__PROMPT__. Repeat the listing word for word. No pictures belong in the copy.

__SOURCE MATERIAL__.
■ ■ ■ ■ ■ ■ ■

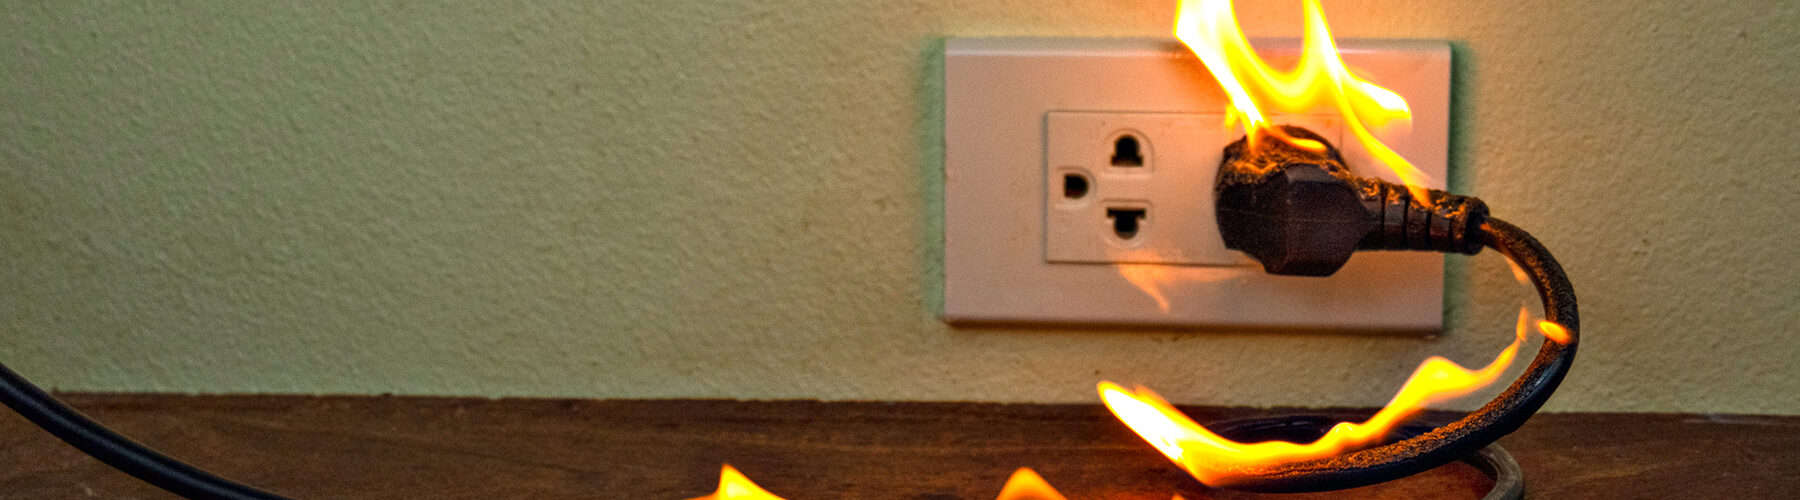 electric wall plug on fire
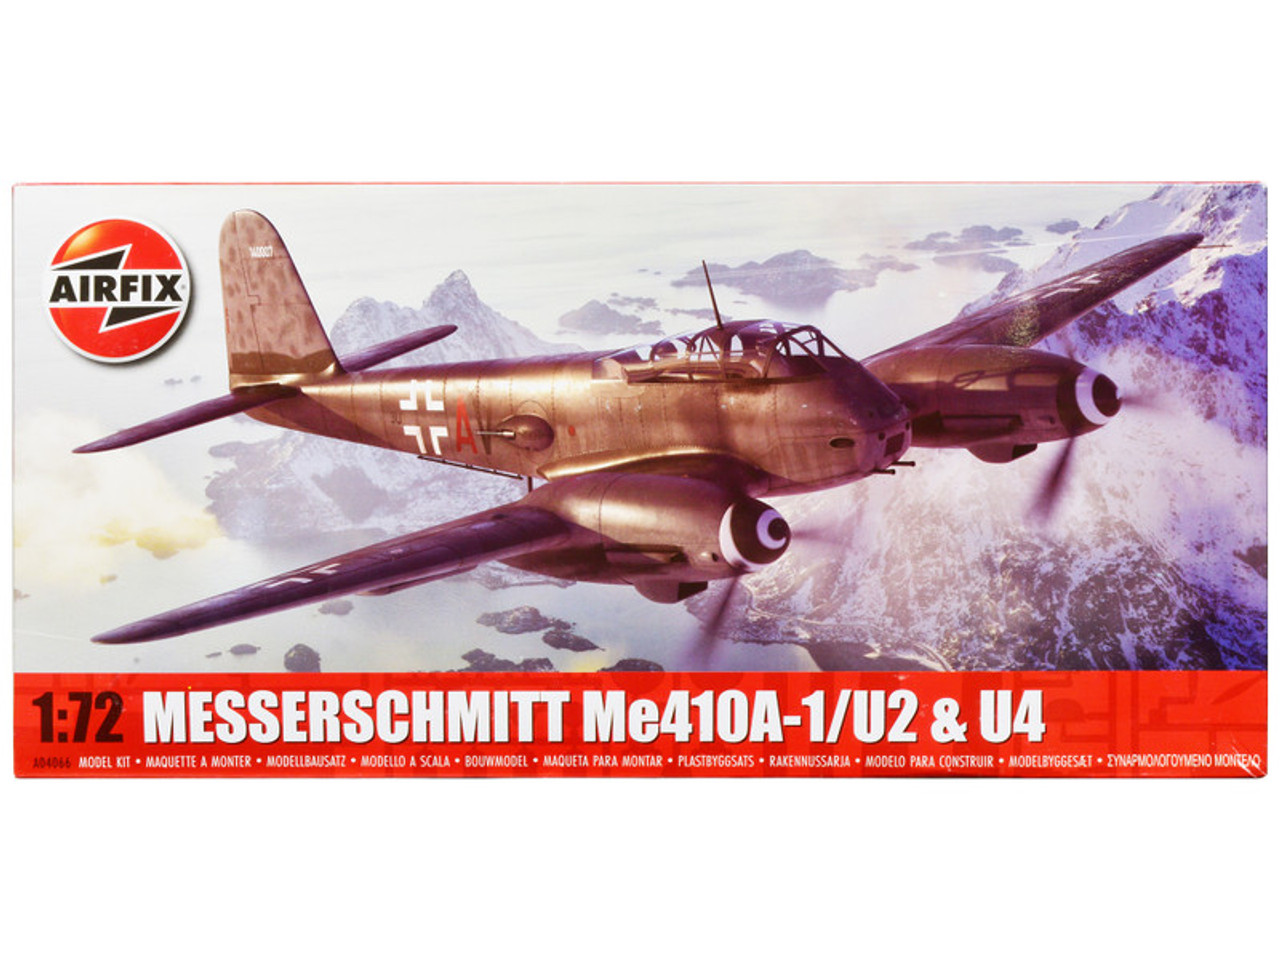 Level 2 Model Kit Messerschmitt Me410A-1/U2 & U4 Fighter-Bomber Aircraft with 2 Scheme Options 1/72 Plastic Model Kit by Airfix
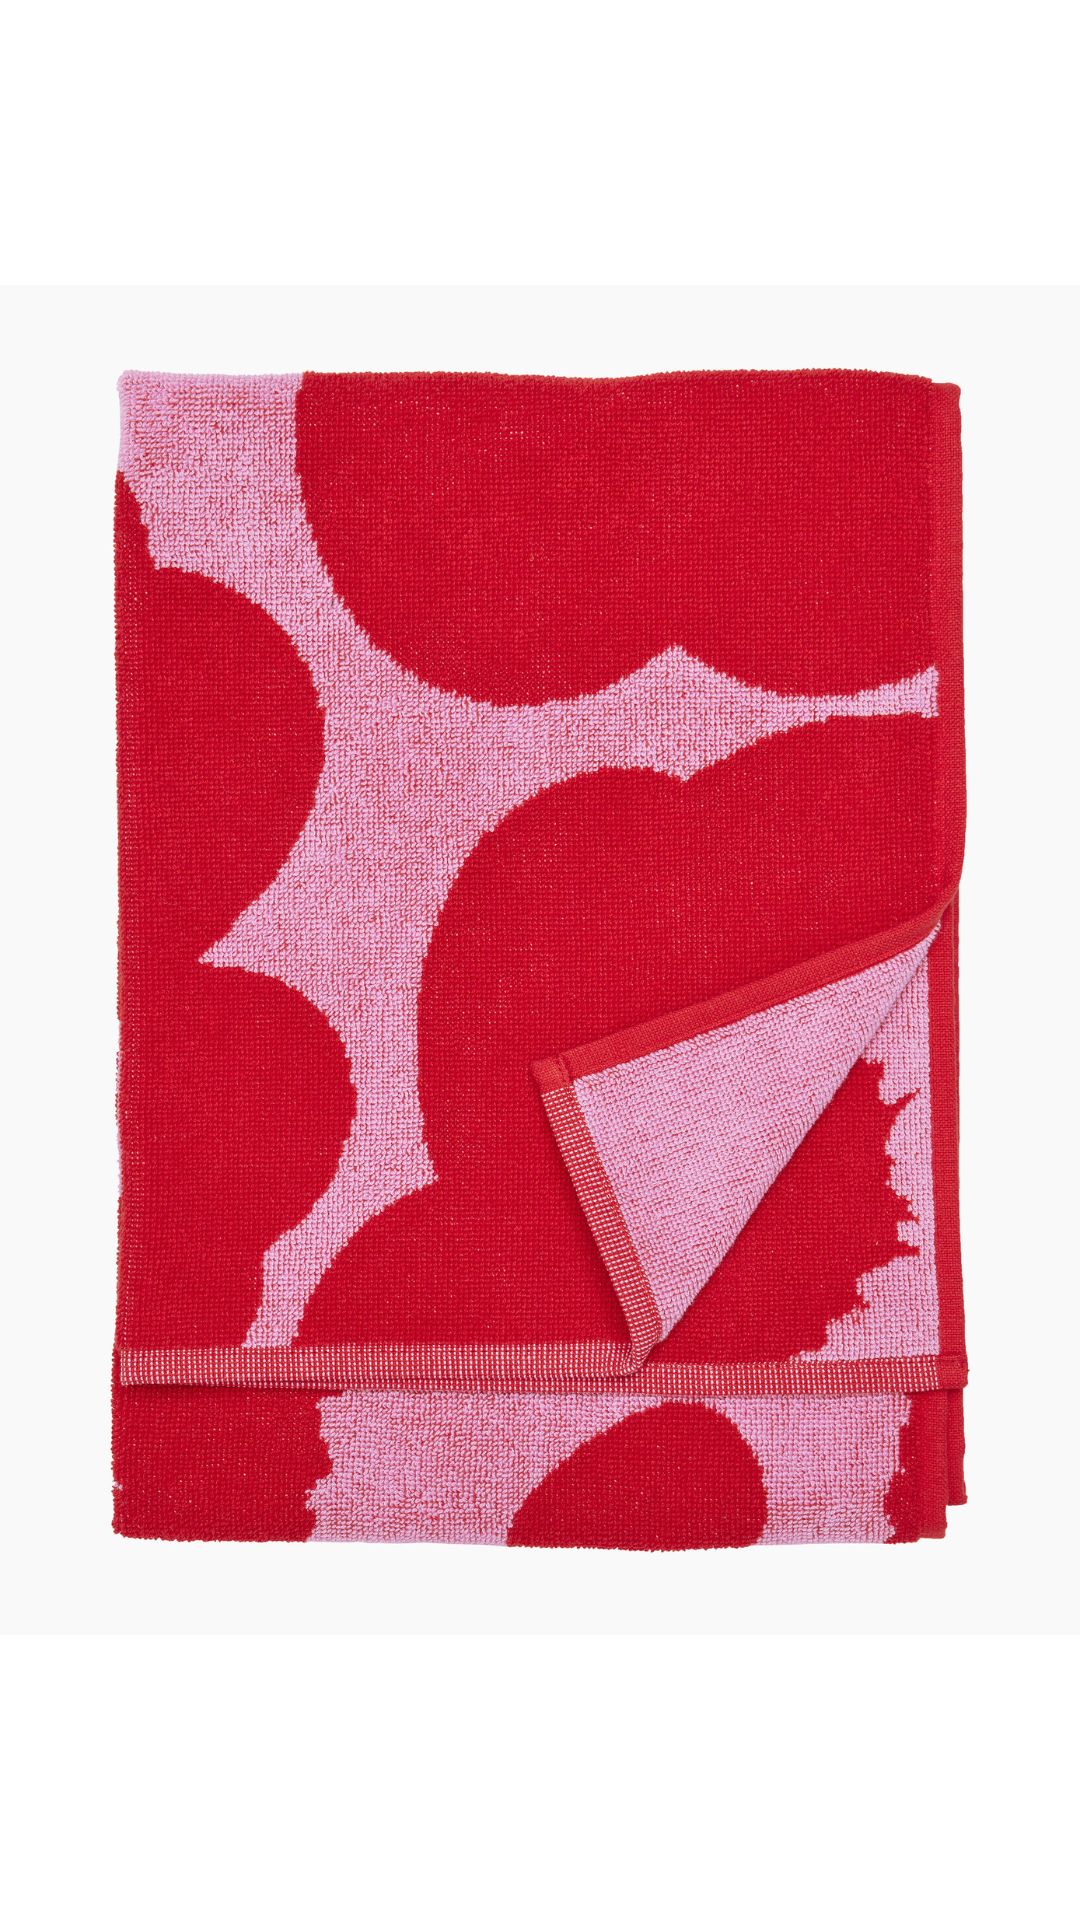 Marimekko Unikko Handtuch 150x70cm rot pink

■ ■ ■ ■ ■ ■ ■

__OUTPUT FOR THIS EXERCISE__.
 electric wall plug on fire
 Level 2 Model Kit Messerschmitt Me410A-1/U2 & U4 Fighter-Bomber Aircraft with 2 Scheme Options 1/72 Plastic Model Kit by Airfix
 Marimekko Unikko Handtuch 150x70cm rot pink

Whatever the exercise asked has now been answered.